In the previous blog, we saw that parallel index scans leads to significantly improves the performance of quite a few TPC-H queries. It is customary to analyze if its sister operator, namely index-only scan will benefit similarly when parallelized.
Before getting into that, we will briefly discuss the utility of an index-only scan. In PostgreSQL, indexes are stored at a different location than the tables. For a regular index scan on a table, first the index created on that table is scanned to find the relevant leaf nodes and then the table is scanned for those locations only. Now, if there is some query in which we need only the values of columns which have an index, then we can scan the index tree only and return the required data, since there is nothing extra that we need to retrieve from that table, that type of scan is called index-only scans.
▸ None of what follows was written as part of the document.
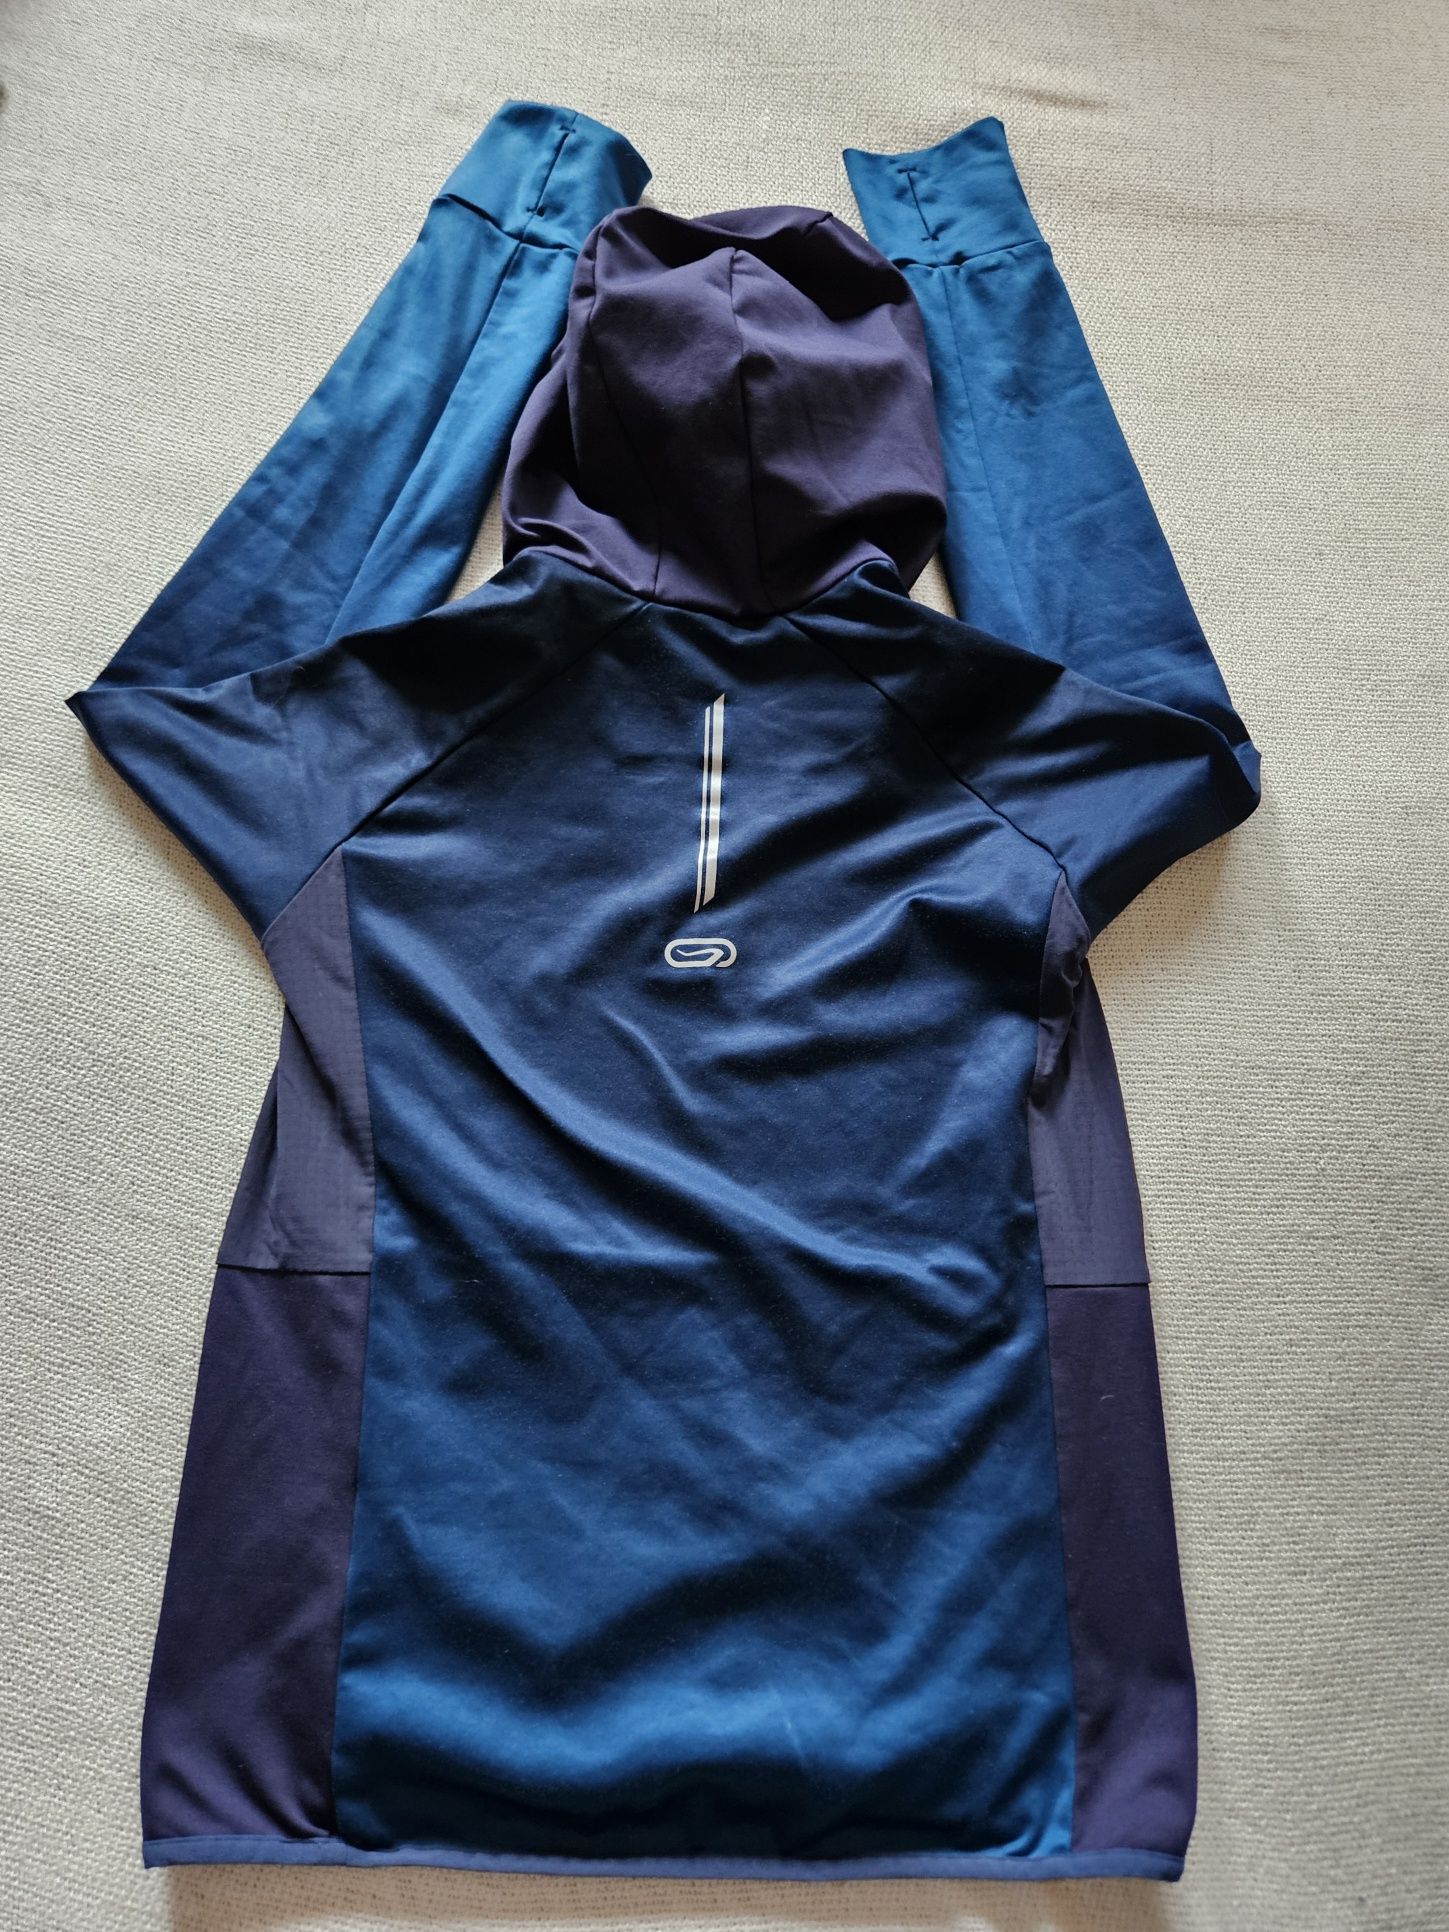 Ciepła bluza z kapturem, odzież termiczna firmy Kalenji rozm. 158

To be precise, index-only scans are a special type of access method which uses index alone and does not require to fetch data from the heap.
For example, an index-only scan is likely to show a performance improvement over a regular index scan for the query such as, SELECT count(*) FROM countries WHERE country_area <= <some value>. Assuming we have an index on the column country_area. Here, we can get the tuple information lesser than the required country area by index alone, hence, saving the I/O time to read the tables.
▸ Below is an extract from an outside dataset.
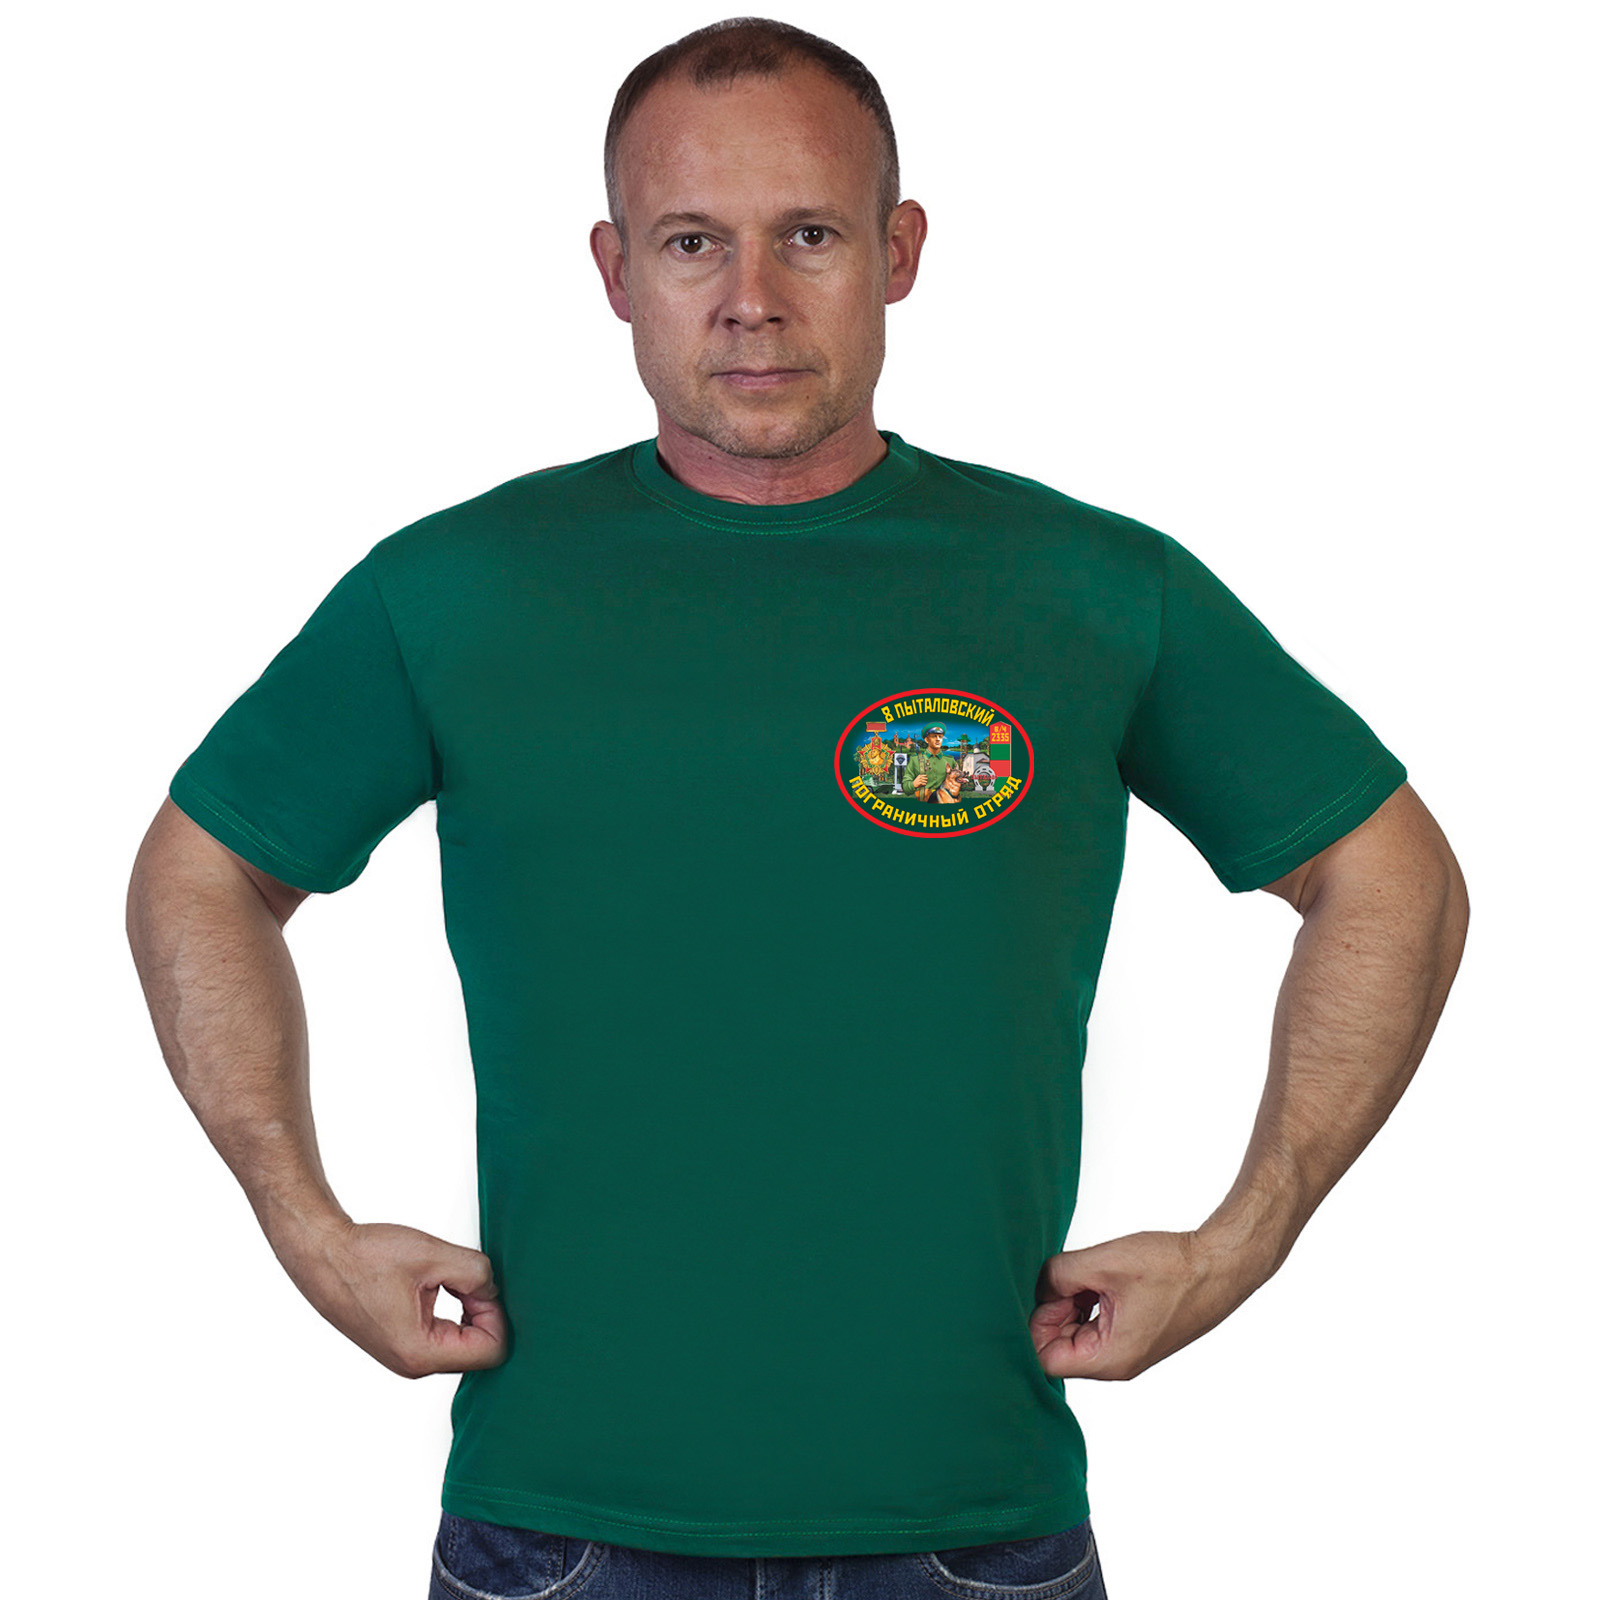 Купить в интернет магазине футболку 8 Пыталовский пограничный отряд

The design and implementation of parallel index-only scan is heavily dependent on the machinery developed for scanning B-tree in parallel. There are no new GUC parameters or configuration settings required for this scan.
Performance of parallel index-only scan
For the industry strength benchmark TPC-H on 300 scale factor, the performance of Q13 is improved by almost 5x with the usage of parallel index-only scan. For this experiment, we used TPC-H inspired benchmark for PostgreSQL. We used 300 scale factor, which gives 300+ GB of database, depending on the available indexes, etc. Additional indexes we created were on columns (l_shipmode, l_shipdate, o_orderdate, o_comment). We tuned the following parameters,
random_page_cost = 0.1 seq_page_cost = 0.1 effective_cache_size = 10GB shared_buffers = 10GB work_mem = 1GB Q13 Query plan on v9.6 ———————————— Limit -> Sort Sort Key: (count(*)) DESC, (count(orders.o_orderkey)) DESC -> HashAggregate Group Key: count(orders.o_orderkey) -> GroupAggregate Group Key: customer.c_custkey -> Merge Left Join Merge Cond: (customer.c_custkey = orders.o_custkey) -> Index Only Scan using customer_pkey on customer -> Index Scan using idx_orders_custkey on orders Execution time: 4146177.735 ms Q13 Query plan on v10 ———————————— Limit -> Sort -> HashAggregate Group Key: count(orders.o_orderkey) -> Finalize GroupAggregate Group Key: customer.c_custkey -> Gather Merge -> Partial GroupAggregate Group Key: customer.c_custkey -> Sort -> Parallel Hash Left Join Hash Cond: (customer.c_custkey = orders.o_custkey) -> Parallel Index Only Scan using customer_pkey on customer -> Parallel Hash -> Parallel Seq Scan on orders Execution Time: 739088.785 ms
We can see that the query involved aggregations and join over the primary key of customer table. When parallel index-only scan is used, both the aggregations as well as the join could be performed in parallel, hence improving the query performance.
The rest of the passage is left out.